Der Vermittlungsausschuss von Bundesrat und Bundestag stimmt heute über einen Kompromiss zum Klimapaket ab. Bundesumweltministerin Svenja Schulze (SPD) begrüßte im Dlf die parteiübergreifende Einigung. Wichtig sei dabei, dass die Maßnahmen sozial gerecht umgesetzt würden.

Svanja Schulze im Gespräch mit Mario Dobovisek |
Bundesumweltministerin Svenja Schulze (SPD) spricht bei der Debatte über das Klimaschutzgesetz im Bundestag.
Bundesumweltministerin Svenja Schulze (SPD) spricht bei der Debatte über das Klimaschutzgesetz im Bundestag. (Kay Nietfeld/dpa)
Schulze (SPD) sagte im Dlf, sie sei froh, dass man sich parteiübergreifend geeinigt habe und CO2 ein Preis bekomme, der kontinuierlich steige. "Wichtig ist, dass das auch sozial gerecht läuft".
Mehr Anreize schaffen
Es müssten Anreize geschaffen werden, Fahrzeuge zu kaufen, die weniger CO2 ausstoßen. "Wir wollen, dass auch die Alternativen aufgebaut werden", so Schulze. CO2-Preise erhöhen bedeute nicht einfach nur "mehr Einnahmen für den Staat zu haben". Ziel sei es, die Menschen in die Lage zu versetzen, ihr Verhalten zu verändern: "Es geht darum, klimafreundliches Verhalten billiger zu machen."

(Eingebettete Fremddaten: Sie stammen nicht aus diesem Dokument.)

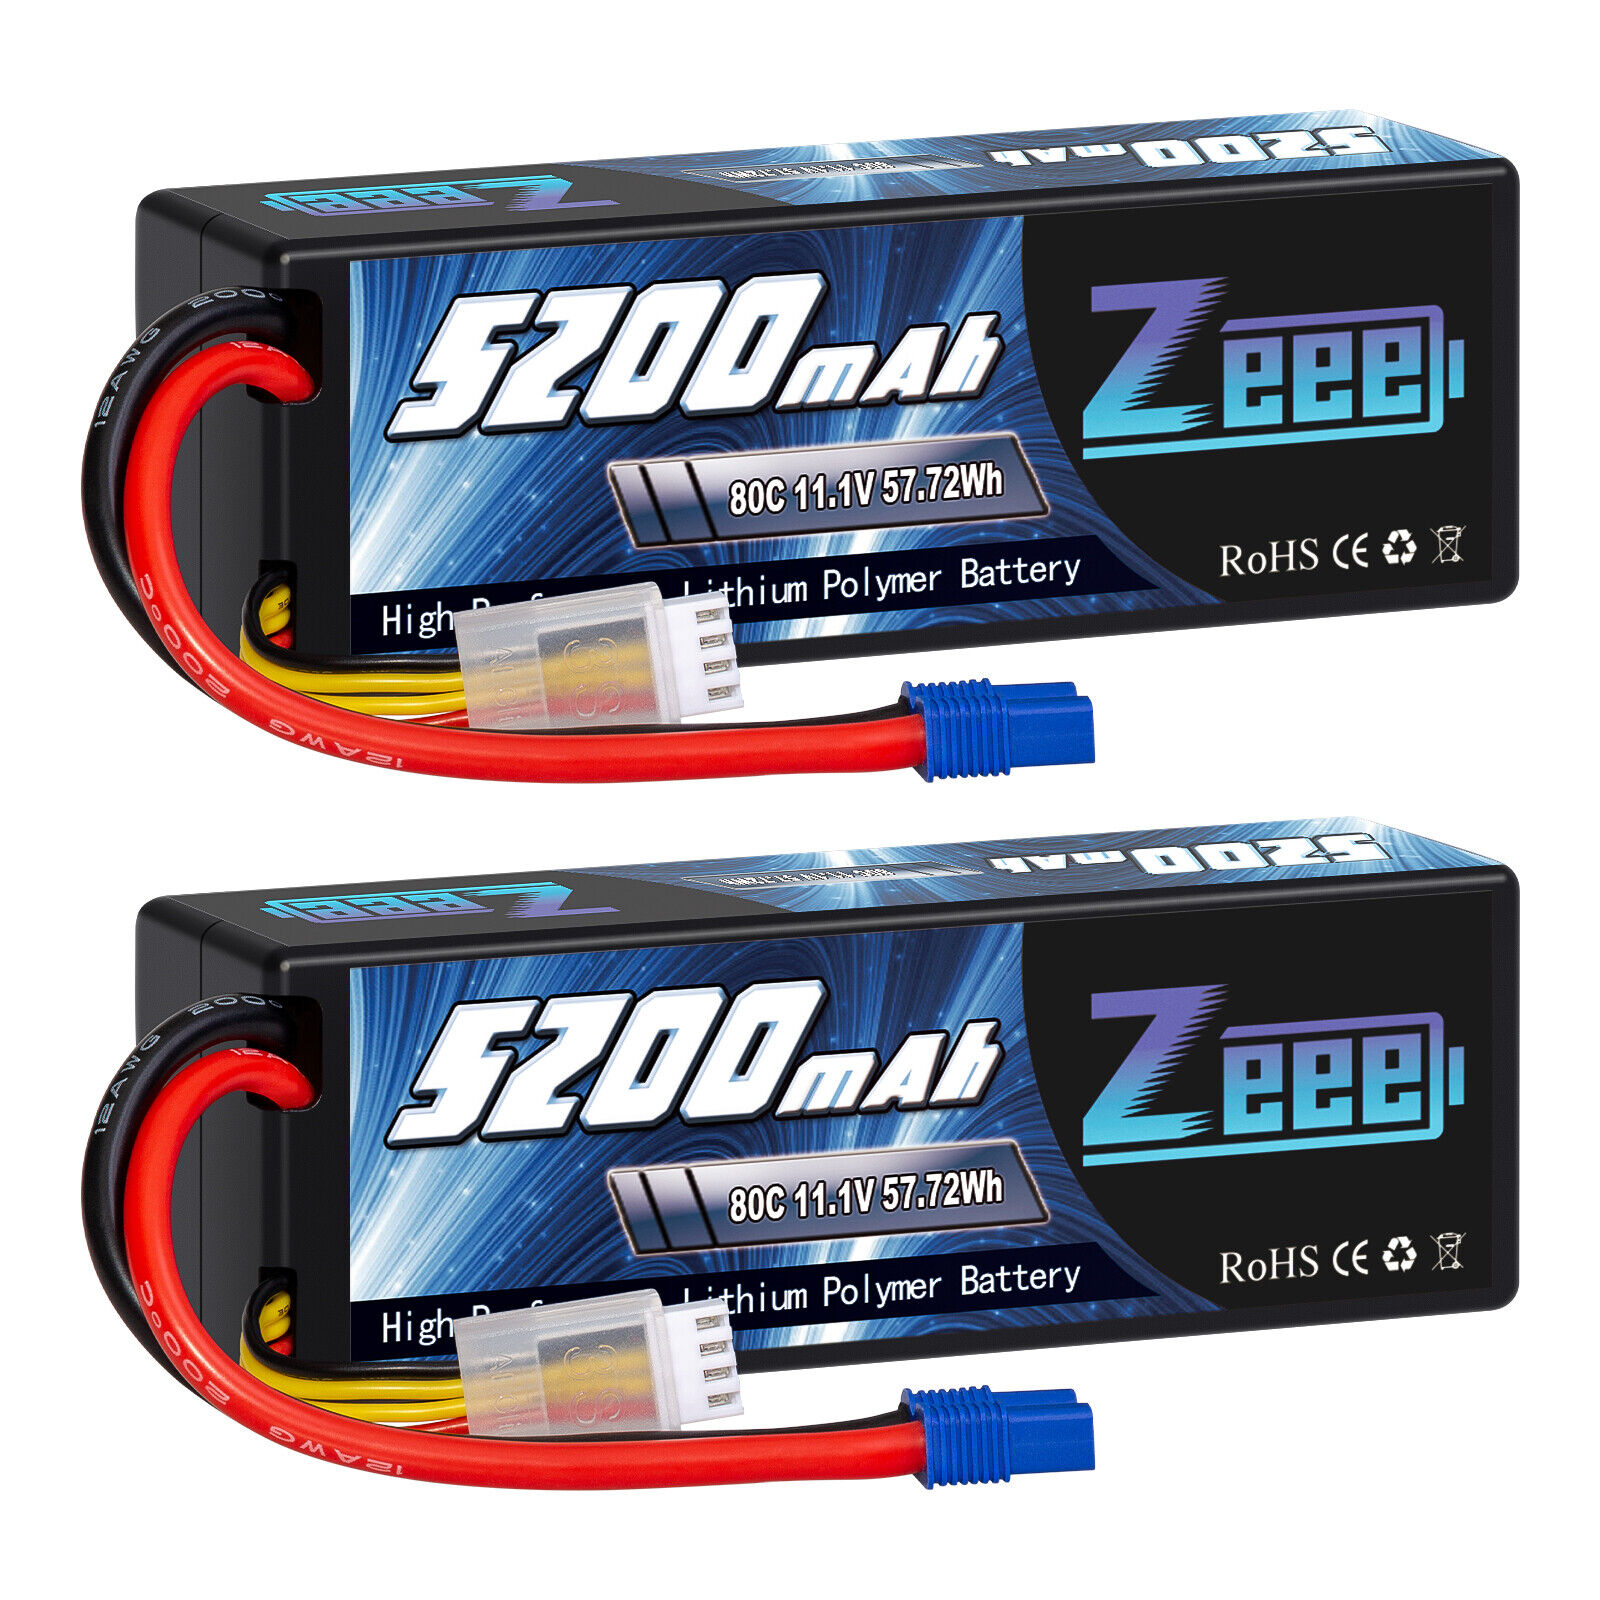 2x Zeee 11.1V 80C 5200mAh EC3 3S LiPo Battery for RC Car Truck Helicopter Buggy ZEEE Does Not Apply

Mario Dobovisek: Europa soll bis 2050 CO2-neutral werden, klimaneutral, wie die neue EU-Kommission es nennt. Das klingt deutlich ambitionierter als die vagen Absichtserklärungen nach der Klimakonferenz in Madrid. Doch auch das Klimapaket der Bundesregierung wurde von Opposition und Klimaschützern heftig kritisiert. Die Grünen haben über den Bundesrat erreicht, dass die CO2-Preise nun erheblich steigen. Darüber beugt sich heute noch einmal der Vermittlungsausschuss von Bund und Ländern in großer Runde.
Am Telefon begrüße ich Bundesumweltministerin Svenja Schulze von der SPD. Guten Morgen, Frau Schulze!

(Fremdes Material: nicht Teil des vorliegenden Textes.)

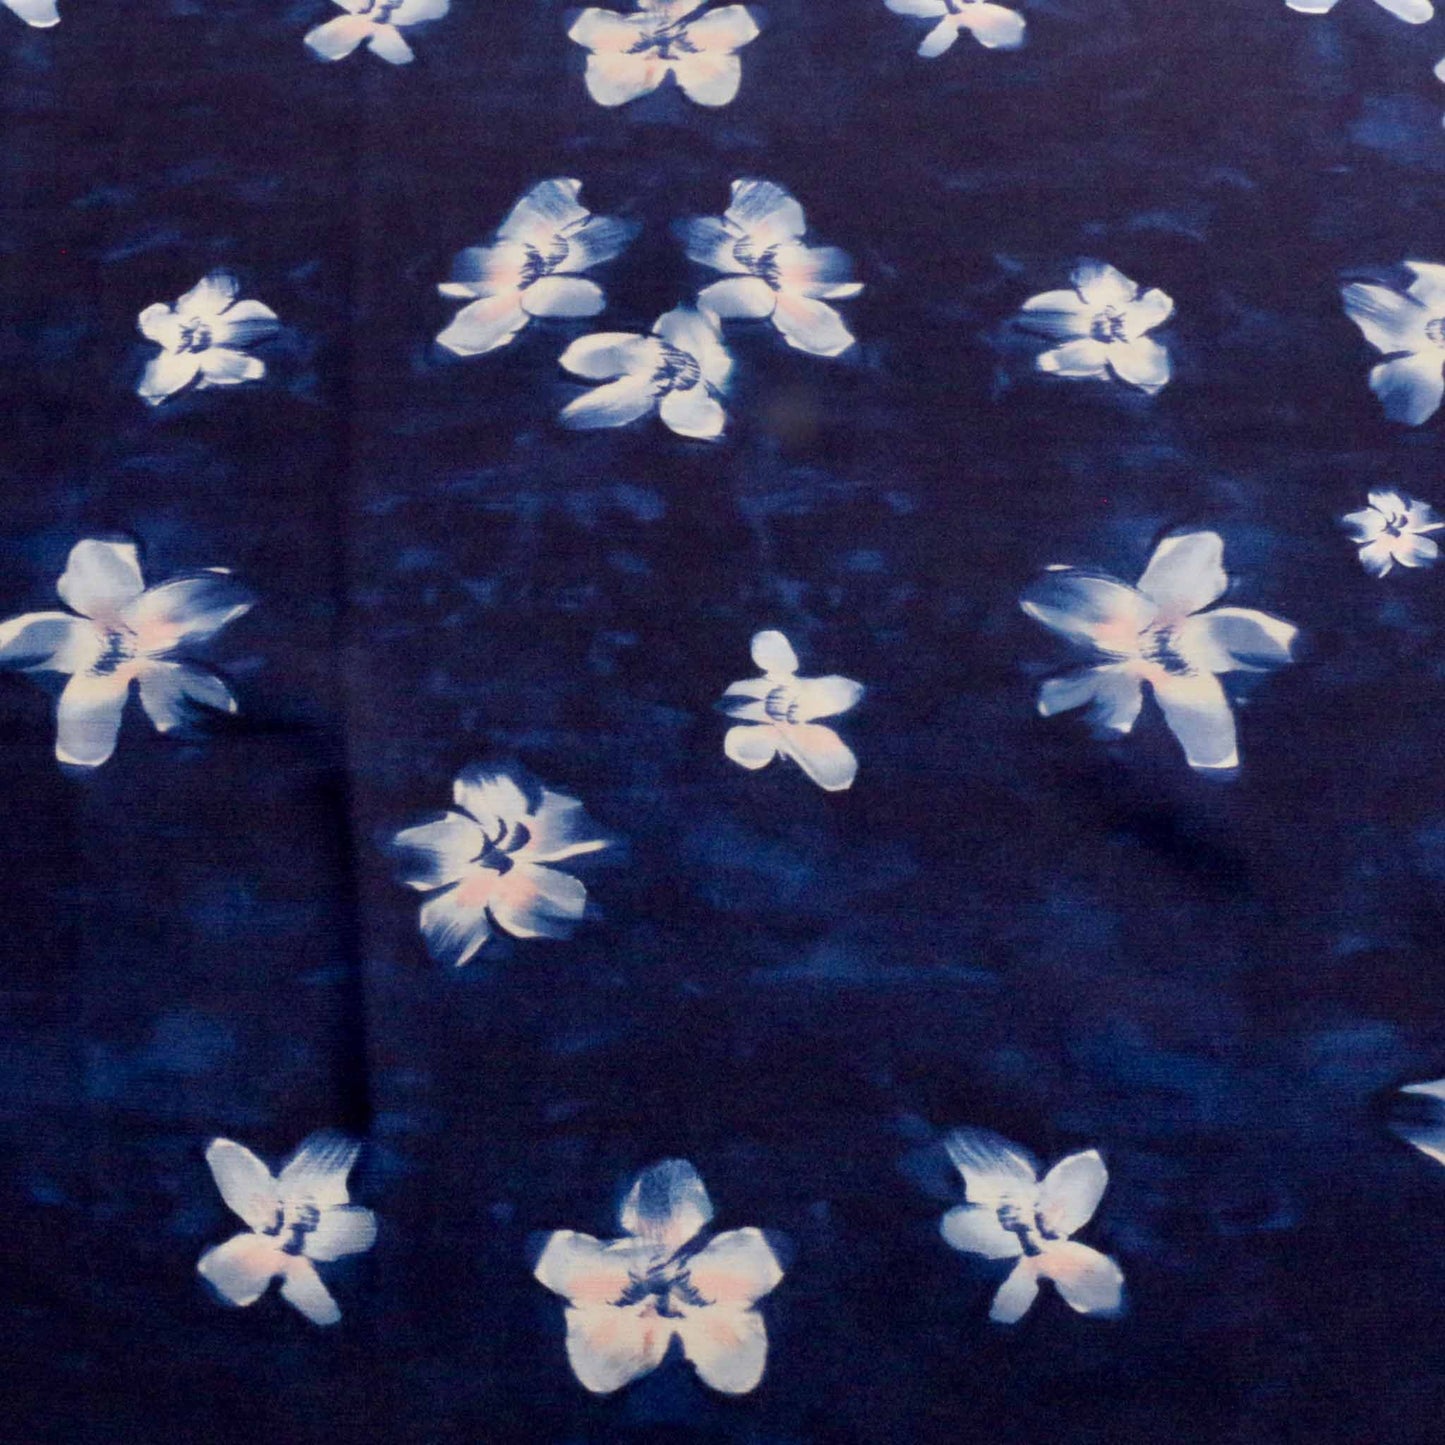 floral crepe back satin dressmaking fabric in navy blue with white floral print

Svenja Schulze: Guten Morgen, Herr Dobovisek!
Kohleausstieg: "Es muss am Ende ein Gesamtkompromiss stimmen"
Dobovisek: Steigen wir ein, womit wir gerade im Gespräch mit unserem Korrespondenten aufgehört haben: mit dem Kohleausstieg. Welches Signal geht davon aus, dass der Ausstieg so lange auf sich warten lässt?
Schulze: Na ja. Erst mal ist es ja wirklich gut, dass wir die Entscheidung haben, dass wir aus Kohle aussteigen. Wir sind das einzige Industrieland, was parallel aus Kohle und aus Atomkraft aussteigt und komplett auf regenerative Energien setzt, und das ist ein sehr, sehr gutes Signal. Ja, ich hätte mir auch gewünscht, der Wirtschaftsminister hätte die Gespräche früher begonnen und wir wären jetzt schon weiter, aber das ist kompliziert, das ist schwierig, und mir ist auch wichtig, dass da wirklich ein gutes Ergebnis bei rauskommt.

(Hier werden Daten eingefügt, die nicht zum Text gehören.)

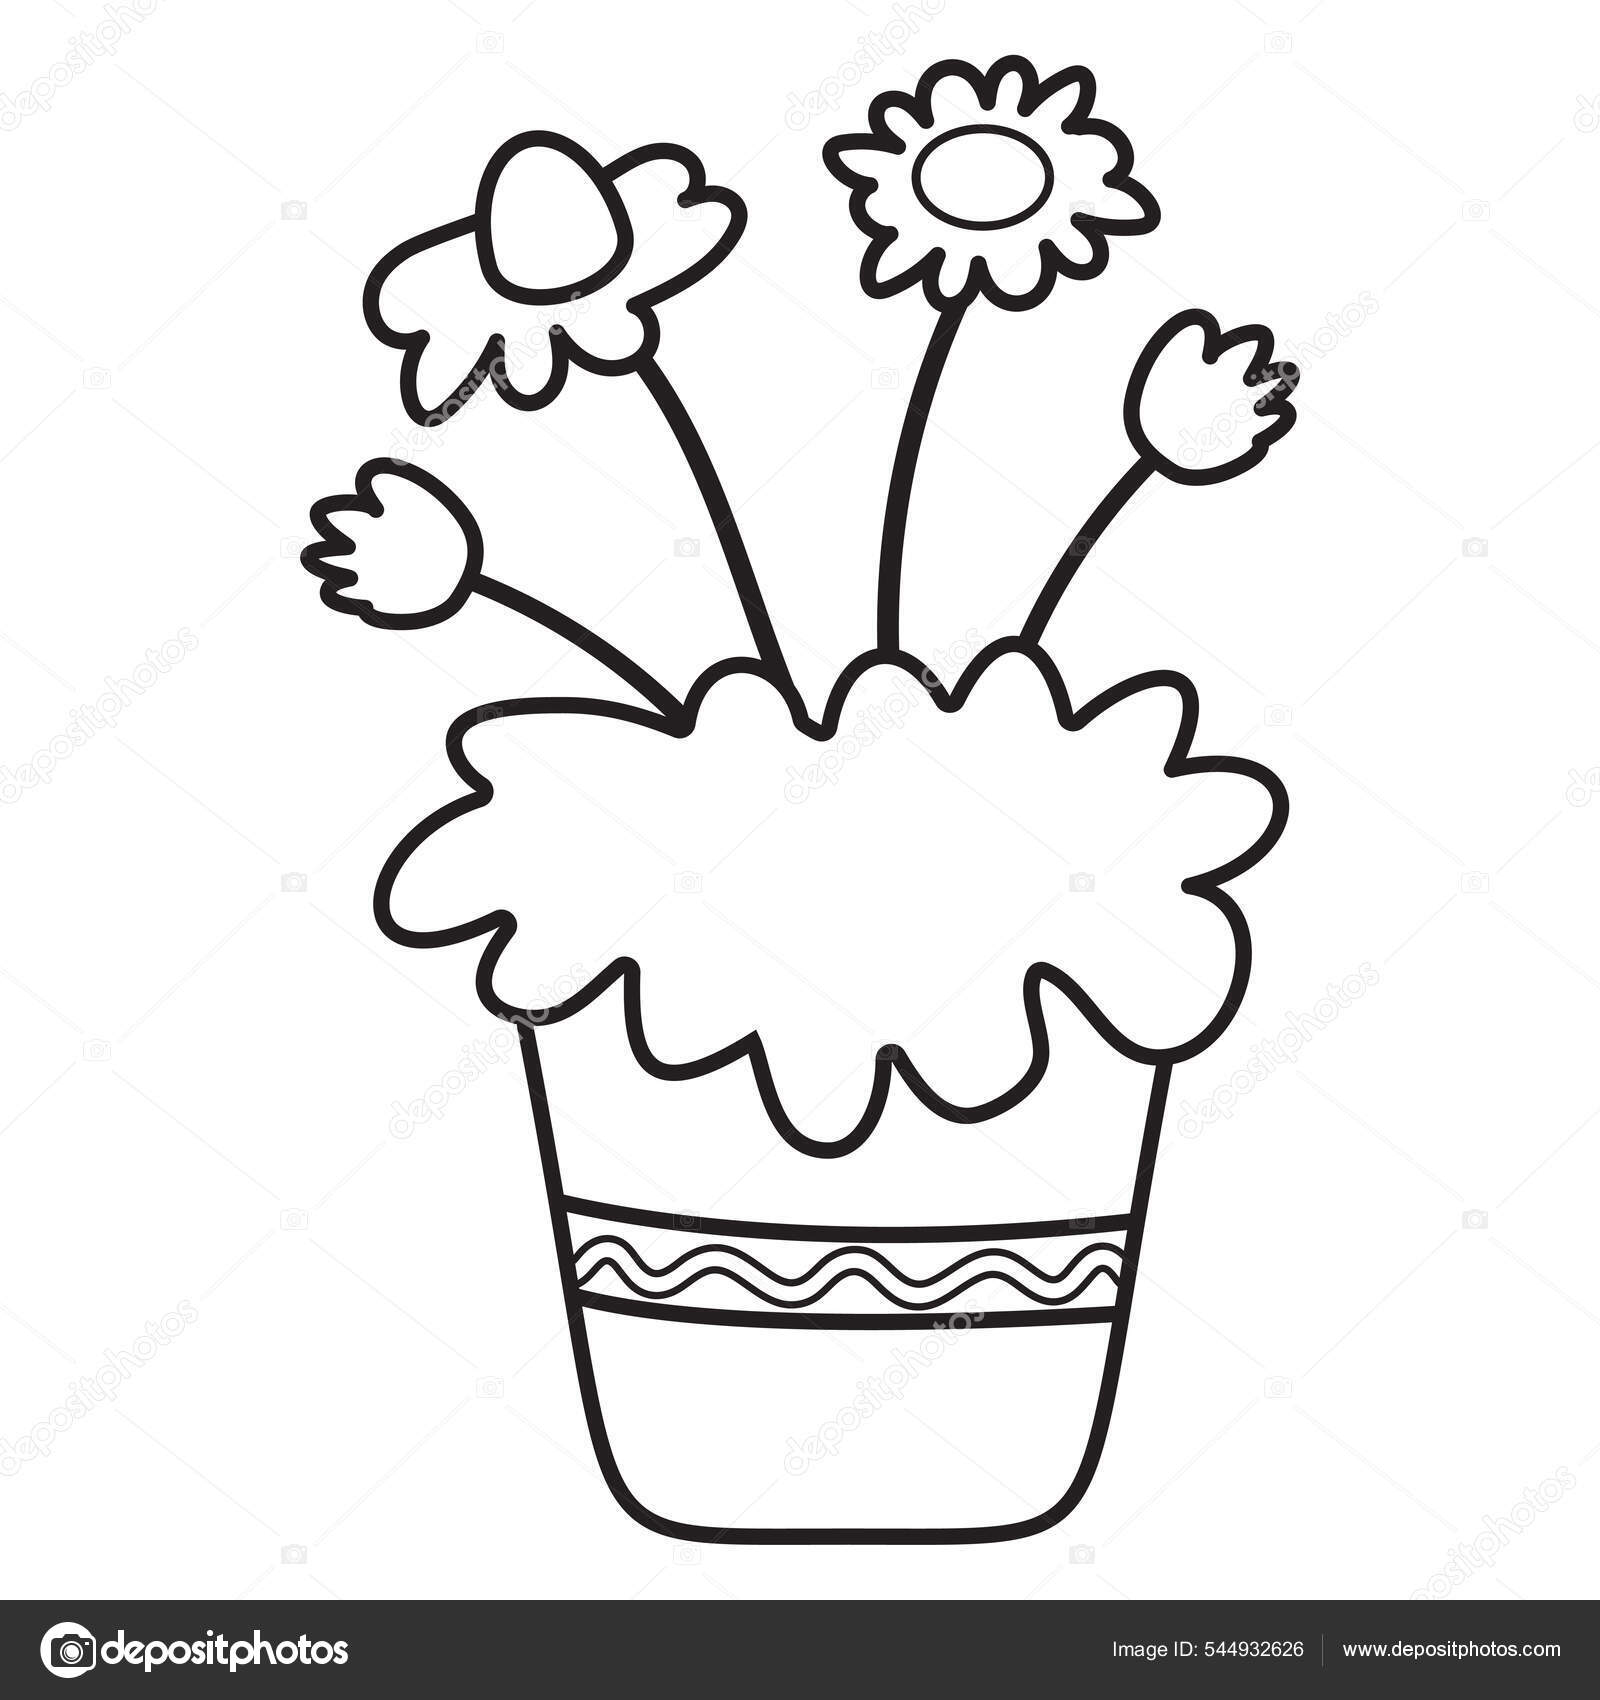 Flower pot coloring page kids illustration nature plant elements flowering stock vector by meiyuanchinagmail

Dobovisek: Wer steht da auf der Bremse? Allein der Wirtschaftsminister?
Schulze: Das ist nicht ganz einfach, mit den Unternehmen zu verhandeln. Da geht es ja um eine ganze Menge, weil sie müssen ihre Geschäftsmodelle verändern. Und mir ist es wichtig, dass wir da nicht ohne Not viel Geld investieren, sondern dass wir das Geld für die Regionen haben, dass wir in den Wandel investieren, dass es für die Beschäftigten da ist, und das ist nun mal nicht ganz einfach zu verhandeln.
Dobovisek: Sie lehnen Entschädigungen für 50 Jahre alte Kraftwerke ab?
Schulze: Es muss am Ende ein Gesamtkompromiss stimmen. Wir müssen die Kraftwerke Schritt für Schritt vom Netz bekommen. Das muss so laufen, dass wir weiterhin eine sichere Energieversorgung haben. Und es muss vollkommen klar sein, dass für die Regionen etwas Neues entwickelt wird, dass sie weiterhin Arbeitsplätze haben, und das hat uns die Kohlekommission vorgelegt. Sie haben einen sehr guten Pfad entwickelt, wie das funktionieren kann, und den müssen wir jetzt auch versuchen umzusetzen.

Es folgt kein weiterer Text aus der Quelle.